Uncertainty abounds, Paxton utilizes it to heighten suspense as days go by and the family fractures further. Nightmarish images arrive as reality conjures its own form of fear through the self-harm Betsey endures while lost in whatever stupor continues wreaking havoc. And we’re left wondering what, if anything, can save them. Because while Betsey and Holly ask the big questions, everyone else repurposes them to fit their own petty First World problems. To them the world is the tiny bubble in which they walk. To Betsey and Holly it’s a vast ecosystem in which they’re a single grain of sand. Glimpsing the blood-red moon above is thus an overwhelming experience for them that proves mankind’s existence is inarguably inconsequential. The rest don’t bother looking up.
There are many comparison points to be made between Paxton’s debut and that of Rose Glass’ Saint Maud—for better or worse, depending on your opinion of the latter. A sense of dread and ambiguity are at the forefront, albeit less volatile in its import when there are more characters to worry about here. It’s easy to forget the bigger-picture ramifications of what Betsey says when we’re so invested in the familial strife. While this truth allows a mother’s love to become the accelerant needed to restart our world, it unfortunately also leaves the equally compelling dynamics shared between Holly and both Isabelle and June by the wayside. The conclusion is thus less incendiary than it is melancholy.
That’s not to say A Banquet‘s success is necessarily inferior. It is its own beast that excels upon its different path by needing two believers to ultimately find its resolution. The intimacy that demands is where the film shines; it forces Holly to make a choice.
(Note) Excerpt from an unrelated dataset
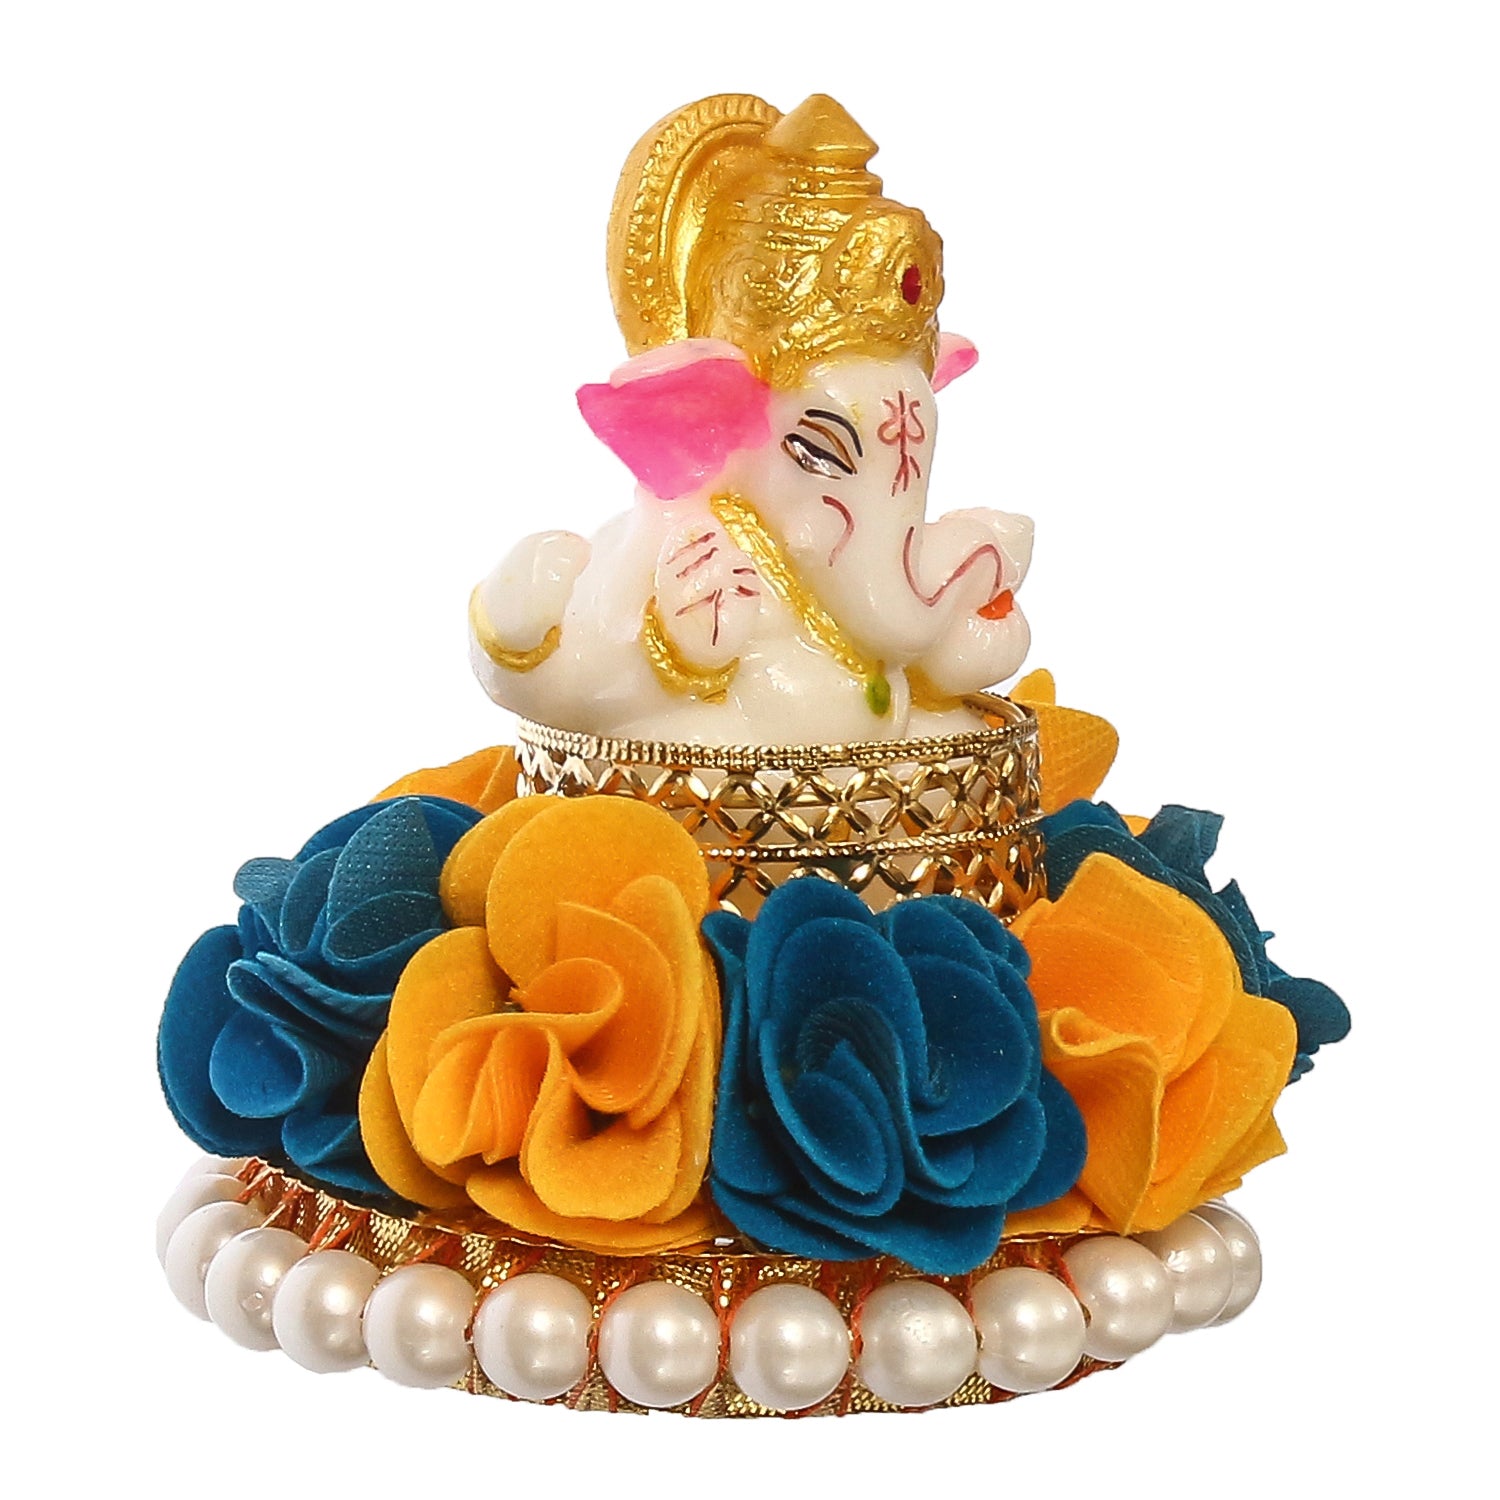 Lord Ganesha Idol on Decorative Handcrafted Plate with Yellow and Blue Flowers 3

Is it more important to believe Betsey and this notion of a fresh start? Or to believe that her daughter is mentally unstable and in need of help elsewhere so that the rest of them can continue with their reductively hollow, listless lives? All four main actors deliver great performances as they choose their respective paths forward. Stokes and Duncan look to survive today; Alexander and Guillory hope to survive tomorrow. It’s one life versus billions either way.
A Banquet premiered at the Toronto International Film Festival and will be released by IFC Midnight.